DATA SUPPLIED |
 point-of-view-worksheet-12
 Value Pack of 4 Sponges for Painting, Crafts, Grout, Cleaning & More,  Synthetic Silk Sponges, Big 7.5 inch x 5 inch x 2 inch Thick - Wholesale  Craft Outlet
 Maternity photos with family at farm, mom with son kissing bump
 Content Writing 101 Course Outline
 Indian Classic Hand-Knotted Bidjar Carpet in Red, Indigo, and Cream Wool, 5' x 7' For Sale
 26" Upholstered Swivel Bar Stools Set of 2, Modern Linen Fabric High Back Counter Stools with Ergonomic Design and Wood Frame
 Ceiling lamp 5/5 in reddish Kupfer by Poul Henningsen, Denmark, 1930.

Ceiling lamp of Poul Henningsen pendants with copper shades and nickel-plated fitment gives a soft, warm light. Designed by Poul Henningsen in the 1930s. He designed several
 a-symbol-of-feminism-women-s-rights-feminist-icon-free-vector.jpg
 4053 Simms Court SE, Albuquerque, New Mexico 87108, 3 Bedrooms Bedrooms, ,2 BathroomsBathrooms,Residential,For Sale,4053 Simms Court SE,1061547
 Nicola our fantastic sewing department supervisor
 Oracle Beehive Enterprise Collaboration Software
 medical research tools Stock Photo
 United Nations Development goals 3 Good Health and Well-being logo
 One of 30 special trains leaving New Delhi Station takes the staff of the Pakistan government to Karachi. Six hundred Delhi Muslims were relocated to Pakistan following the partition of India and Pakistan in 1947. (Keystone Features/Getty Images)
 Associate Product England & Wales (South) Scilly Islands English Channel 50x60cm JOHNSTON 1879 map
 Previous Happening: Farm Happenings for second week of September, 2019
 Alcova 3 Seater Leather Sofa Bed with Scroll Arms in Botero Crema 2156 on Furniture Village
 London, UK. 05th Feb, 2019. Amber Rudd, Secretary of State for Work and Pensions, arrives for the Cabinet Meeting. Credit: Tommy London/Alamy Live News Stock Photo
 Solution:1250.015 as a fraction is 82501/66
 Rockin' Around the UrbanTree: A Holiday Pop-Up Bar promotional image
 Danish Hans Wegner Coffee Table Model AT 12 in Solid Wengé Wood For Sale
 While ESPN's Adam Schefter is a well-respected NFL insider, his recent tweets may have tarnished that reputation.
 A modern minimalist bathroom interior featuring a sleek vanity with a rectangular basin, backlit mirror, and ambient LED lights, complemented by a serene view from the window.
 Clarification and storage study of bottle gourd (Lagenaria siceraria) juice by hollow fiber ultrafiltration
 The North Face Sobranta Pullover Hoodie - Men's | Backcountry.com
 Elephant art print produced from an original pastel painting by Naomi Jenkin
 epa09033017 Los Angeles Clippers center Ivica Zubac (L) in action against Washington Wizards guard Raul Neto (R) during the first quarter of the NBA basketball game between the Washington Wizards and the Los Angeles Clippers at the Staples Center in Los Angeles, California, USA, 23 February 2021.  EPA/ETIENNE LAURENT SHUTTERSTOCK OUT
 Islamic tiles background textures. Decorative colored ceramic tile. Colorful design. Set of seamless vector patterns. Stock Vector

WORK TO COMPLETE | The response should be the listing above, limited to the lines between the one holding "Alcova 3 Seater" and the one holding "Solution:1250.015 as a fraction is 82501/66", inclusive, reproduced exactly.

RESPONSE TO THIS TASK |
 Alcova 3 Seater Leather Sofa Bed with Scroll Arms in Botero Crema 2156 on Furniture Village
 London, UK. 05th Feb, 2019. Amber Rudd, Secretary of State for Work and Pensions, arrives for the Cabinet Meeting. Credit: Tommy London/Alamy Live News Stock Photo
 Solution:1250.015 as a fraction is 82501/66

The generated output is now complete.